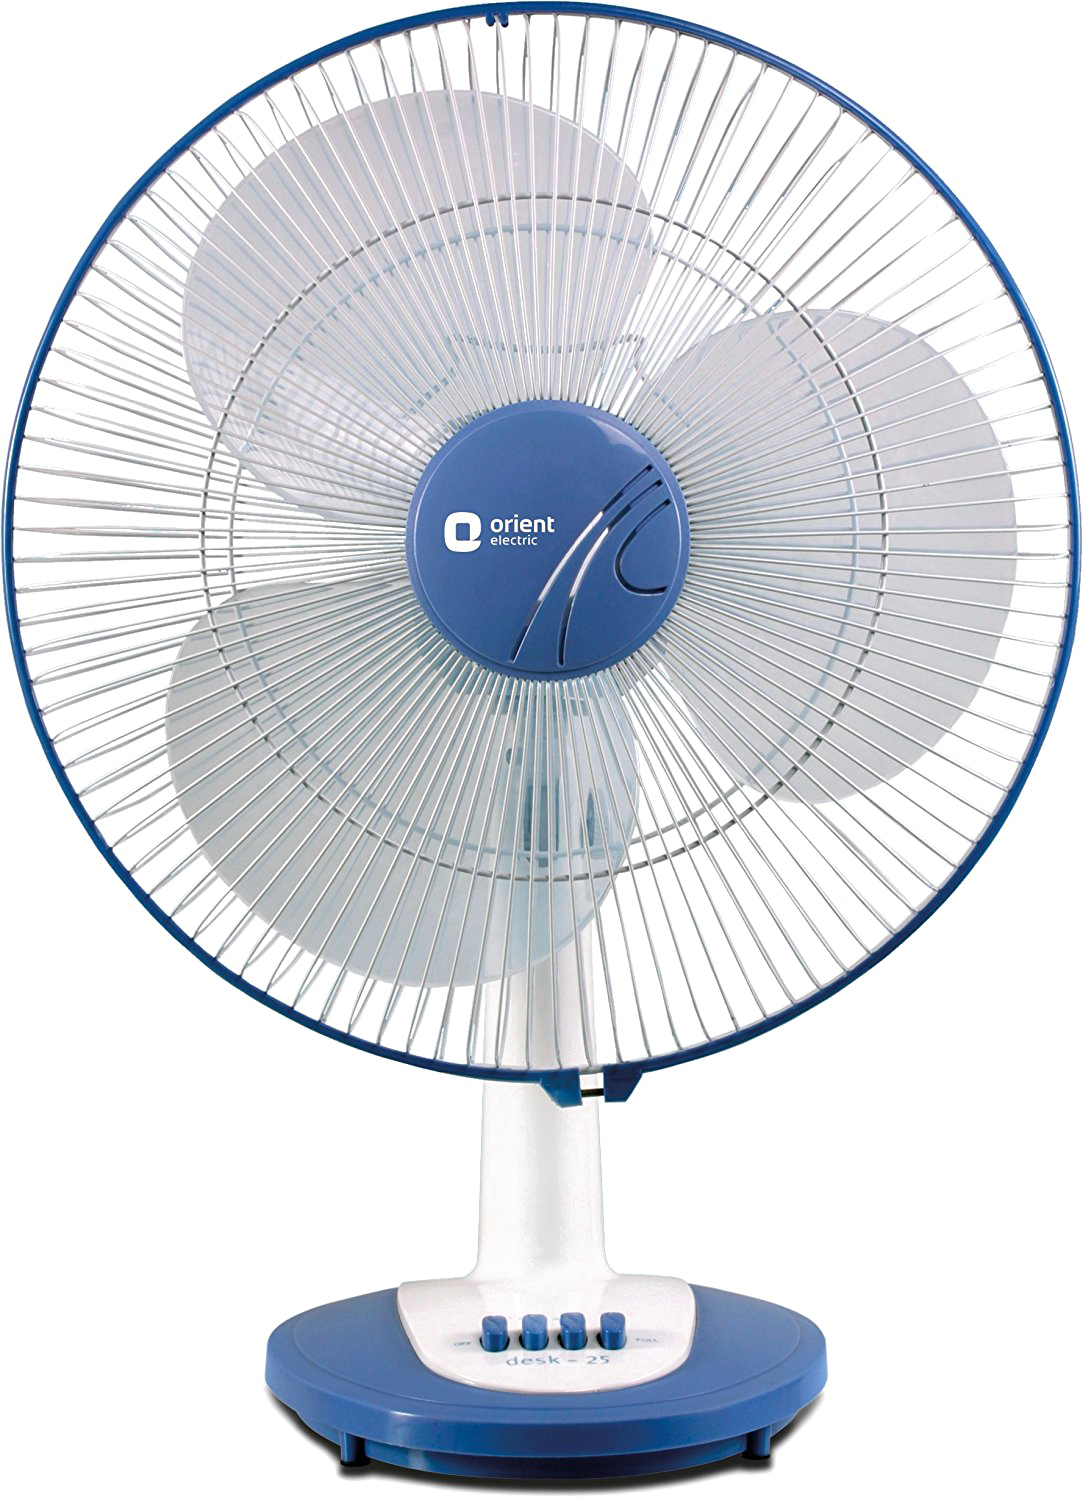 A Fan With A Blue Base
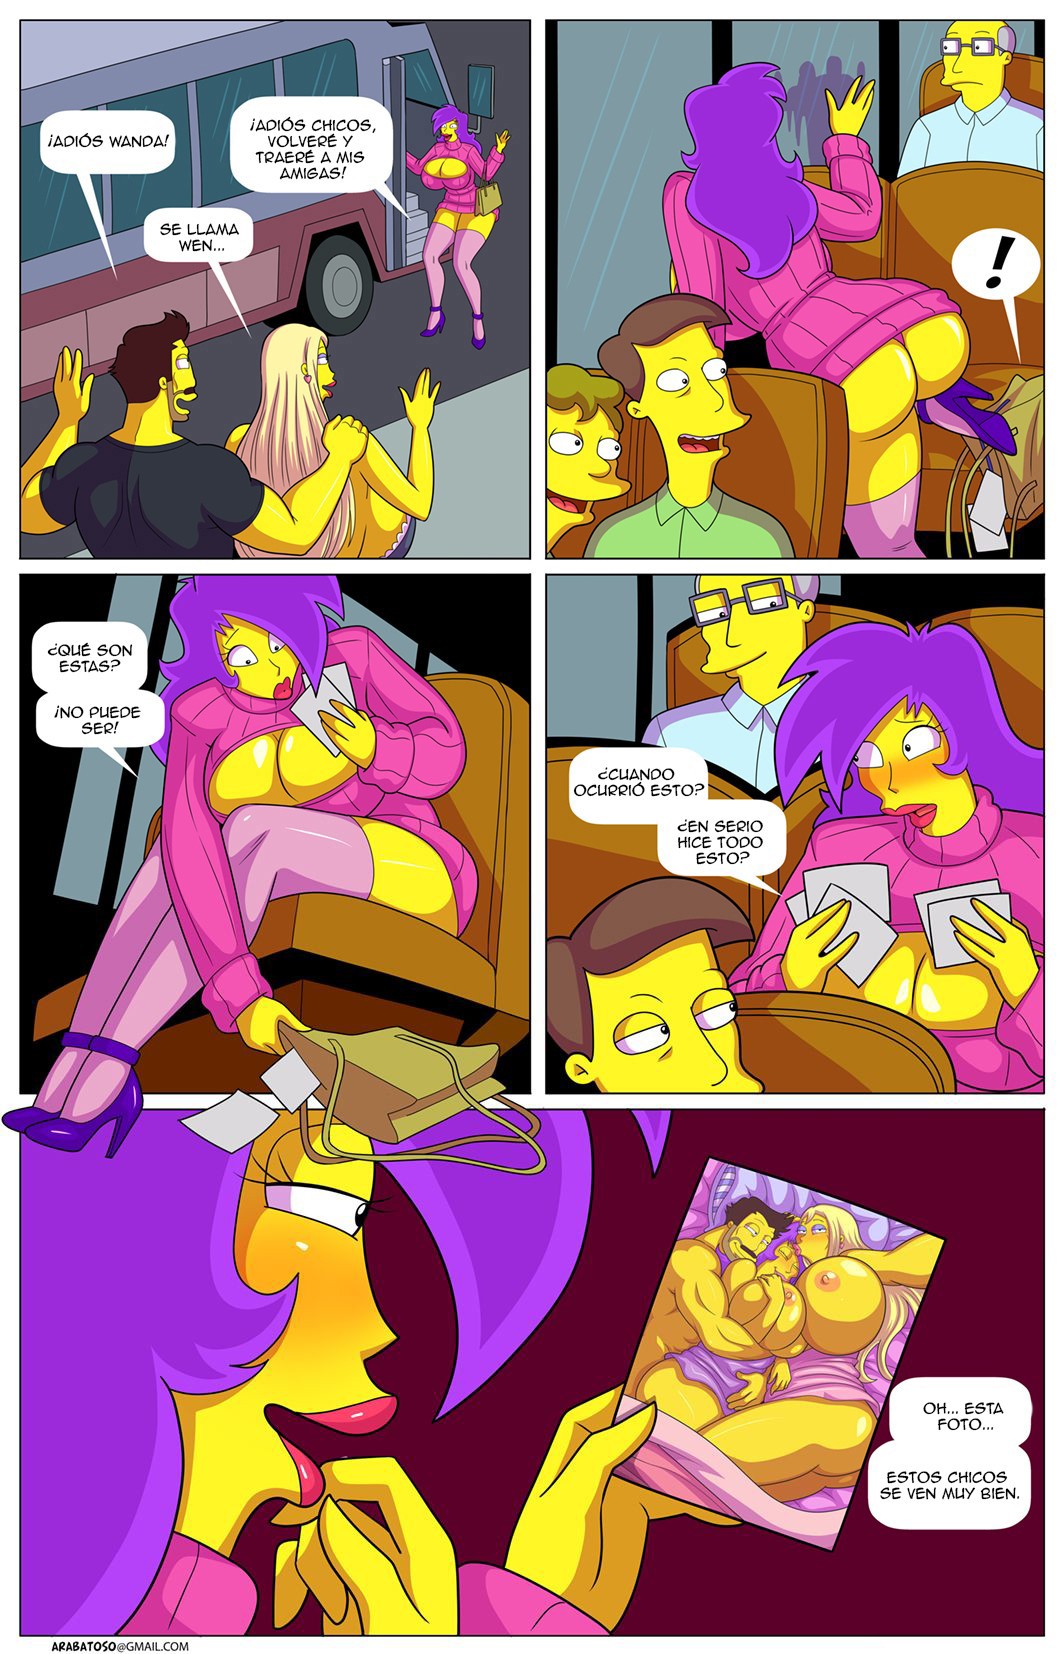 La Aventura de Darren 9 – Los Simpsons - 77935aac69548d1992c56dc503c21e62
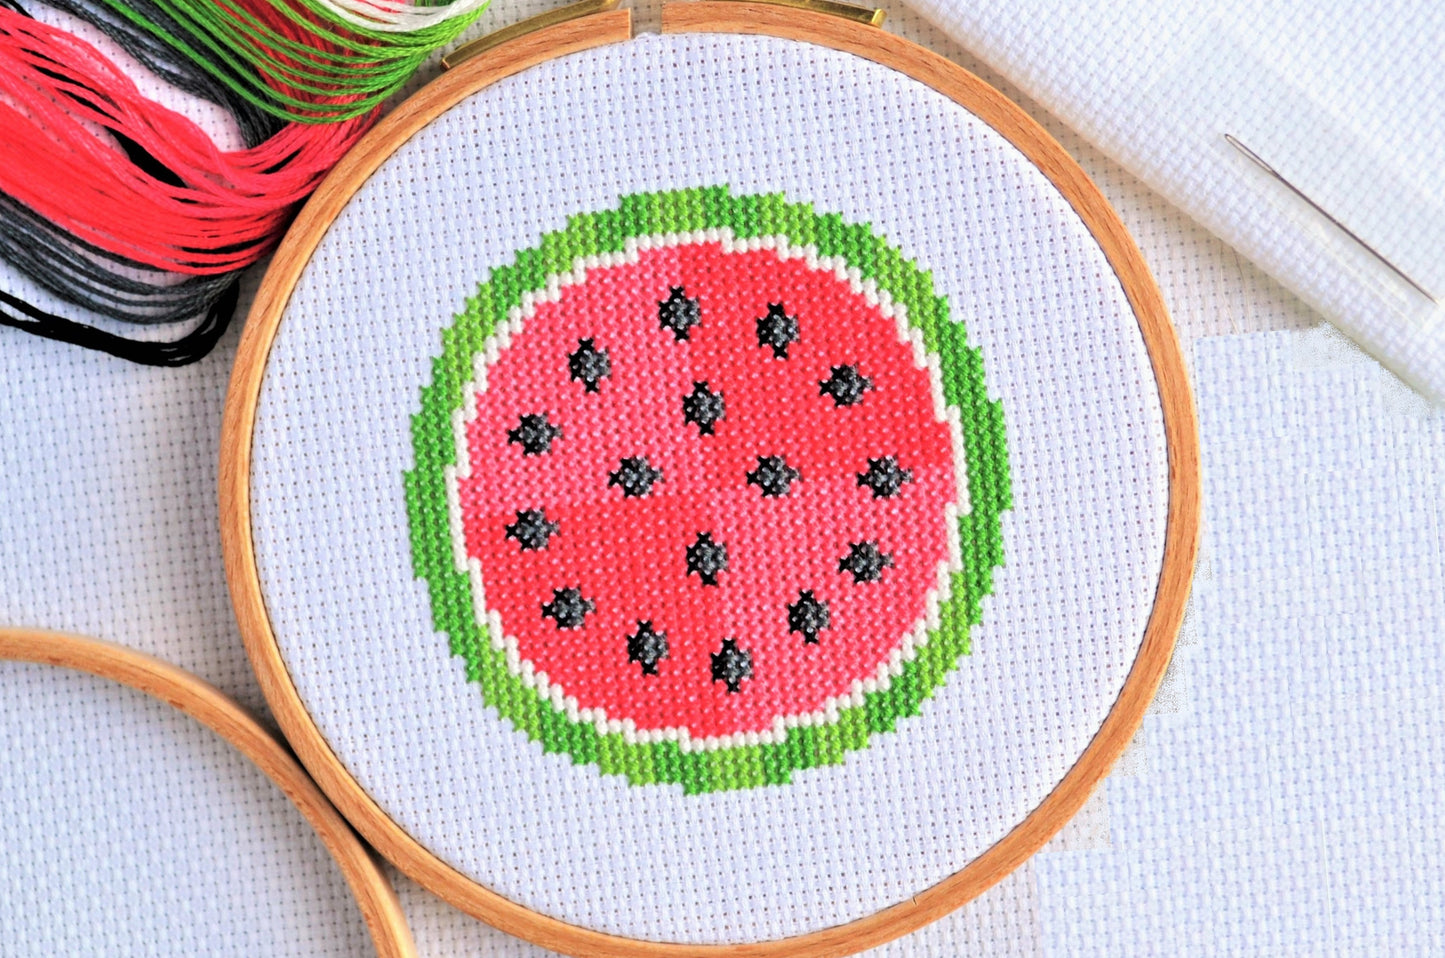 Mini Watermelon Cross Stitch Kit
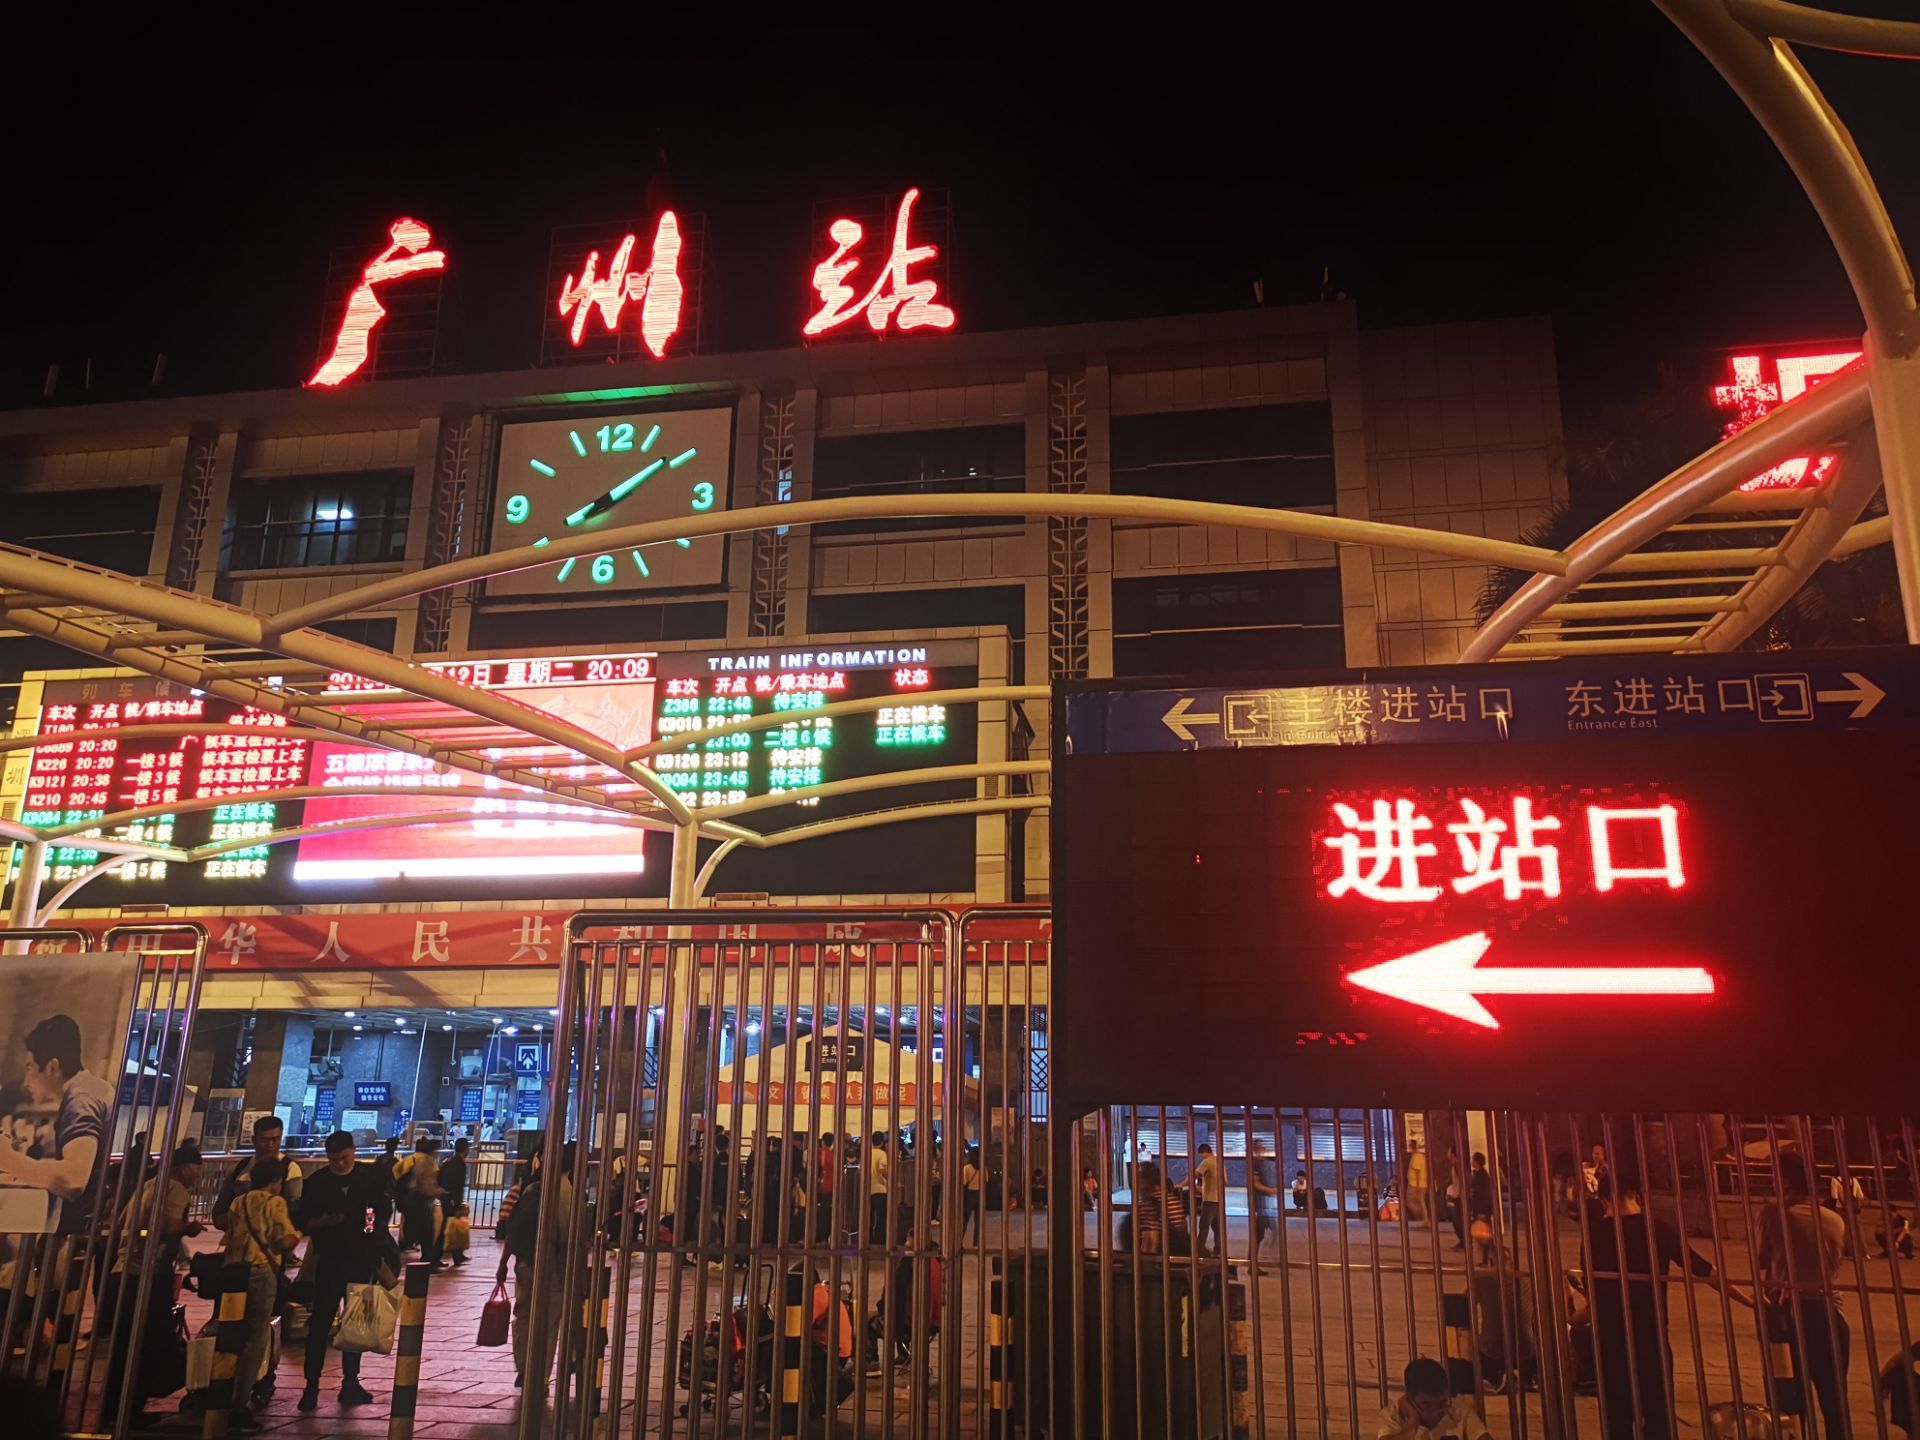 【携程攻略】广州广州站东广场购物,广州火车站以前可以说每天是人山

**TASK OBJECTIVE:** In your copy, leave out the pictures and reproduce the material above exactly.

**OUTPUT OF THE EXERCISE:**
 A Fan With A Blue Base
 La Aventura de Darren 9 – Los Simpsons - 77935aac69548d1992c56dc503c21e62
 Mini Watermelon Cross Stitch Kit
 【携程攻略】广州广州站东广场购物,广州火车站以前可以说每天是人山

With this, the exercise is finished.